Впрочем, неправдами этот молодой человек пользовался, по Люсиным словам, в гораздо большей степени, чем правдами. Он только и делал, что старался кого-нибудь обмануть. Все делалось тайком: тайком от родителей он курил, тайком по ночам вылезал через окно в сад и через окно тайком возвращался.

По утрам, когда Люся выходил на террасу к завтраку, мать его ученика, дородная дама, томно спрашивала:

- А Шурик еще спит? Бедный мальчик, как он устает от занятий!

Если "бедный мальчик" еще долго не вставал, мать посылала кого-нибудь его разбудить. "Уж не заболел ли он?" - беспокоилась она.

К юному учителю своего сына эта добродушная полная женщина относилась неплохо. Конечно, ее не особенно интересовало, ие устает ли от занятий именно он, репетитор ее сына, действительно нуждавшийся в отдыхе и поправке. Все же, из вежливости, она задавала ему при встрече несколько вопросов: как ему спалось, что пишут из дому. Но, даже не дослушав, она переходила к тому, что ее главным образом интересовало: каковы успехи ее сына и выдержит ли он переэкзаменовку. Люся отвечал уклончиво, так как особенно похвастаться успехами своего ученика он не мог, несмотря на все свои старания.

Отец Шуры при встрече с Люсей пренебрежительно протягивал ему два пальца. Люсю это так оскорбляло, что он стал потом отвечать Шуриному папаше тем же - протягивать ему также два пальца. Не знаю, как они при таком "рукопожатии" здоровались, но в конце концов это научило Шуриного папашу подавать Люсе не два пальца, а всю руку.

Естественно, что чувствовал себя Люся в этом доме одиноко и неуютно. Недаром мы все так за него беспокоились.

Под вечер он уходил куда-нибудь на прогулку. В полном одиночестве бродил он по тенистым улицам поселка...

Побродив, он возвращался домой, если можно было назвать "домом" это случайное пристанище, и ложился спать. А его непутевый ученик появлялся в окне на рассвете.

Люся не раз пробовал говорить со своим "воспитанником" о его поведении, убеждать его и стыдить, но все это ни к чему не привело. И в конце концов Люся махнул на него рукой, решив, что перевоспитать его все равно невозможно.
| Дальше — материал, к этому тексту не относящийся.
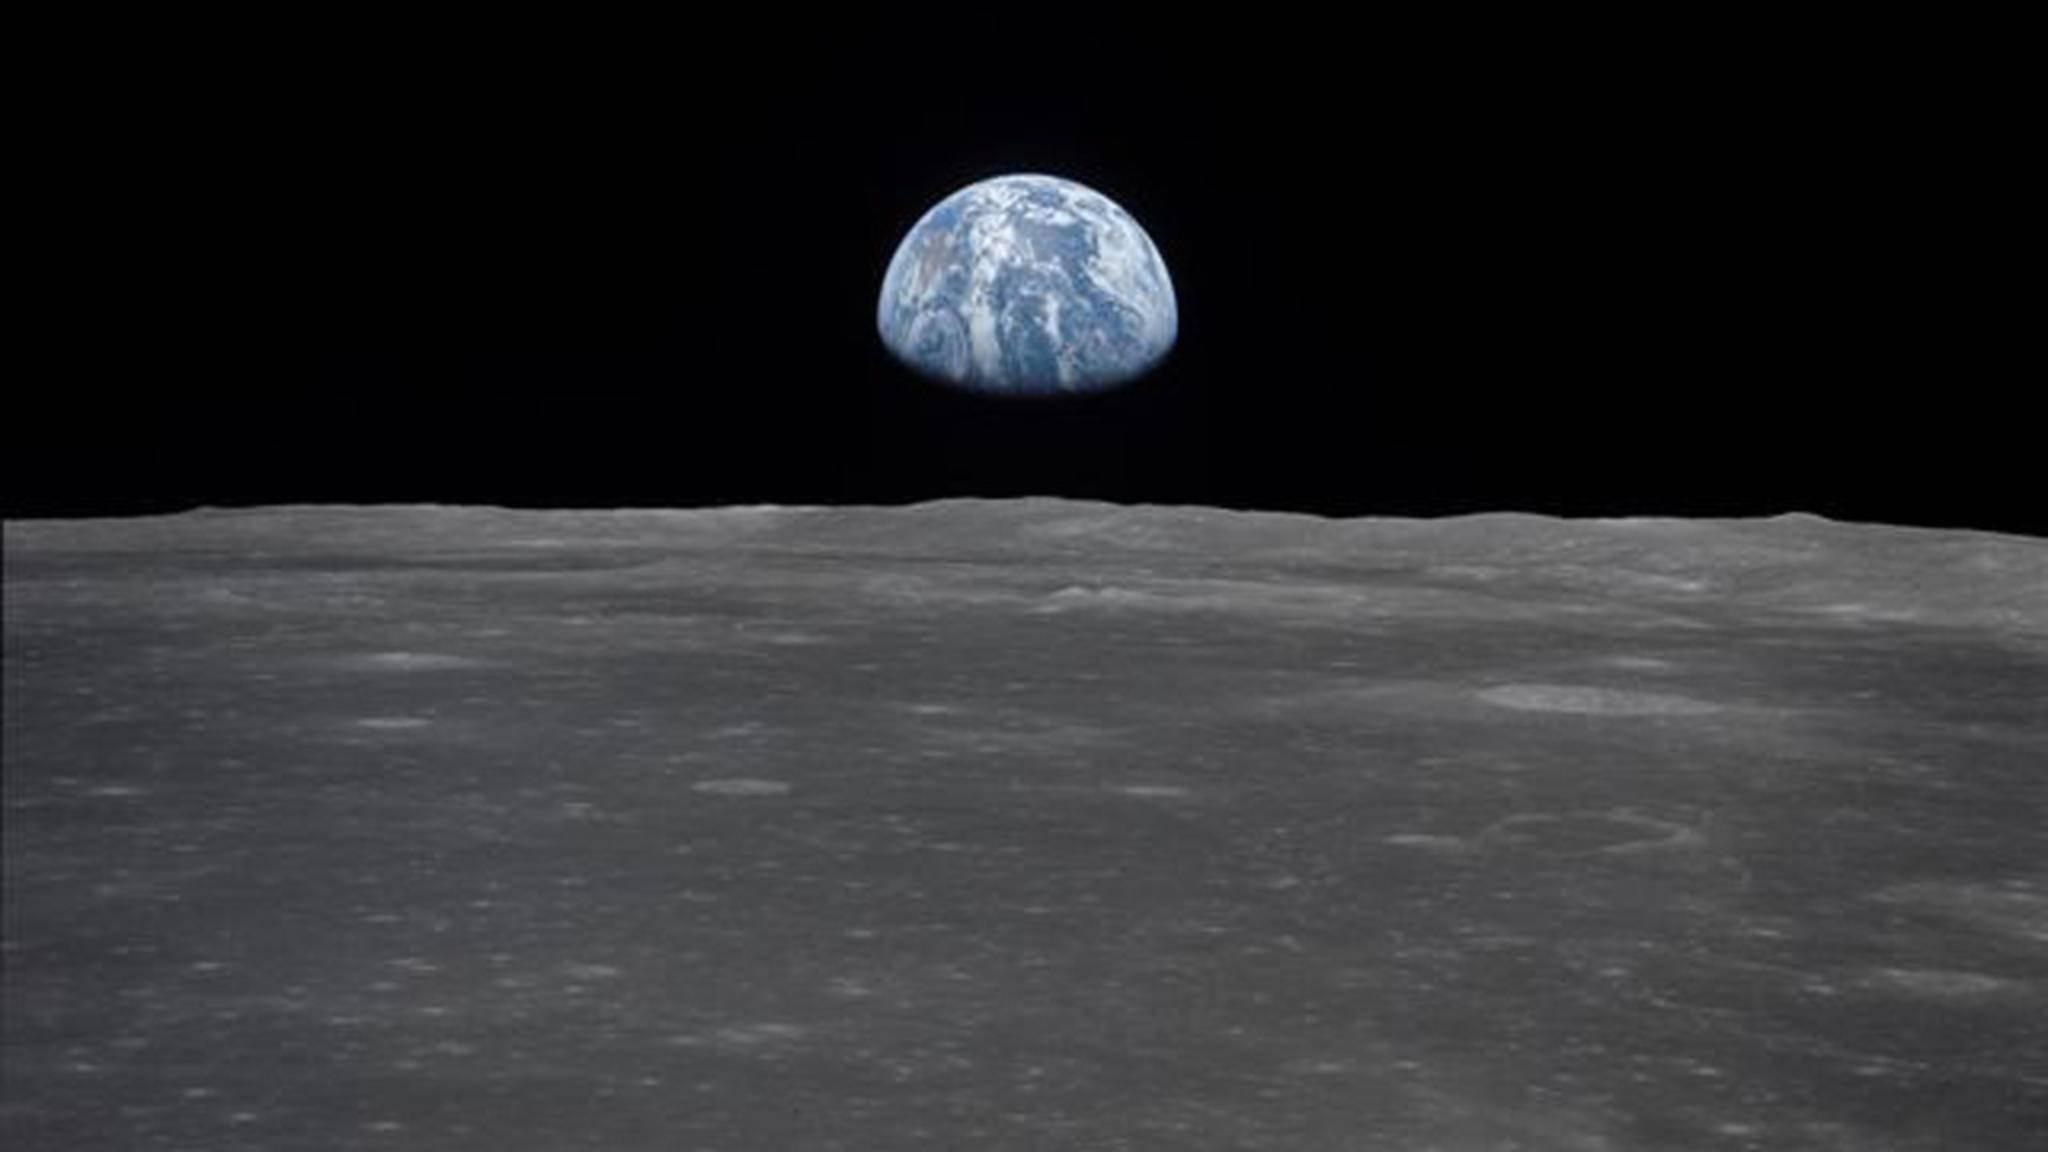 Spektakuläre Aufnahmen: Zur Mondlandung der Apollo-11-Mission gibt es nicht nur tolle Bilder, sondern auch jede Menge passende Songs!

Однако Люся считал свой долг выполненным. Ему удалось подготовить, вернее - натаскать, великовозрастного ученика к переэкзаменовке, и тот перешел в следующий - восьмой и последний - класс.

Казалось бы, после такого трудного лета Люся должен был бы раз и навсегда отказаться от работы репетитора, тем более, от занятий с ненавистным ему учеником. Но, когда Шурины родители, боясь, что их сынок провалится и на выпускных экзаменах, снова обратились к Люсе, он не отказался от заработка и продолжал заниматься с одноклассником и в этот последний год своей гимназической жизни. Хорошо было уже то, что теперь в течение учебного года можно было жить дома, а не в чужой, неприятной ему семье.

Но вот между юным учителем и его учеником произошло столкновение. Произошло оно не из-за занятий. На этот раз речь шла не о математике или физике. Каким-то образом разговор коснулся рабочих той самой типографии, которая принадлежала Шуриному отцу. Типография находилась в подвале того же дома, где жил ее владелец. Наверху была анфилада просторных комнат, устланных дорогими коврами и роскошно обставленных, а внизу - теснота, сырость, оглушительный грохот машин. И вот Люся со всем пылом юности изобразил своему ученику трагедию людей, которые своим непосильным трудом доставляют хозяевам всю эту роскошь.

- Да, но ведь наши рабочие получают жалованье! - возразил тот.

- "Получают жалованье"! - с возмущением повторил Люся. - Не хватало, чтобы они работали совсем даром. Но ты понимаешь, что этого жалованья им едва хватает на то, чтобы не умереть с голоду? А ведь прибыль идет не им!

И, словно видя сейчас перед собой не мальчишку, а самого владельца типографии, тупого и высокомерного, Люся принялся обвинять его в жестокой эксплуатации рабочих. И неожиданно для самого себя Люся сказал:

- Вот увидишь, скоро наши рабочие поднимутся из подвала наверх. Они будут здесь, а вы - внизу.

Люсин ученик вытаращил глаза:

- Что-о? Мой отец этого не допустит. Он вызовет полицию!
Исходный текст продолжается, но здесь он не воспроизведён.